### DATA SUPPLIED
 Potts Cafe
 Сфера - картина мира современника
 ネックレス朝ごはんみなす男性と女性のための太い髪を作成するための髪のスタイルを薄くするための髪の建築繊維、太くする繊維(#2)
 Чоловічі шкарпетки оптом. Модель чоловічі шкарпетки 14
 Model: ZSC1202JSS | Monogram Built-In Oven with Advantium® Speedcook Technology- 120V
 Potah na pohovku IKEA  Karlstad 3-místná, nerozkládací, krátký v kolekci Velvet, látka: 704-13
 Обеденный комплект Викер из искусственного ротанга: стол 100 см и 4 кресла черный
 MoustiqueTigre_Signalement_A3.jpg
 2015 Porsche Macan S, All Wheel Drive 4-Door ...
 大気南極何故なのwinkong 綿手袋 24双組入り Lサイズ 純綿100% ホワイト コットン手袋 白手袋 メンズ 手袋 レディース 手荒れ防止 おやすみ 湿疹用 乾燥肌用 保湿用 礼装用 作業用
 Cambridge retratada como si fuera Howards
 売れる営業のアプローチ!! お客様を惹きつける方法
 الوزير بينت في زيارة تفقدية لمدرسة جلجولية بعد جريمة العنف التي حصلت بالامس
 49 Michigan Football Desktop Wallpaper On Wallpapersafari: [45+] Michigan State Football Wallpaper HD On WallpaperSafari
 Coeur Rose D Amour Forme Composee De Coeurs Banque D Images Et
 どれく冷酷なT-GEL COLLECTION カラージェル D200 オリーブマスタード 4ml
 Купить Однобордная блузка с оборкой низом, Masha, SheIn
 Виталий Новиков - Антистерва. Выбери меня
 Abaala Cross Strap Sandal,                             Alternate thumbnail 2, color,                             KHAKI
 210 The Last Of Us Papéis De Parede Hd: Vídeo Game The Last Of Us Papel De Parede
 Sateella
######
ASSIGNMENT:
Where the records above contain a line with "Виталий Новиков - Антистерва. Выбери меня", repeat that line and each later line through the end, exactly, and nothing more.

EXERCISE SOLUTION:
 Виталий Новиков - Антистерва. Выбери меня
 Abaala Cross Strap Sandal,                             Alternate thumbnail 2, color,                             KHAKI
 210 The Last Of Us Papéis De Parede Hd: Vídeo Game The Last Of Us Papel De Parede
 Sateella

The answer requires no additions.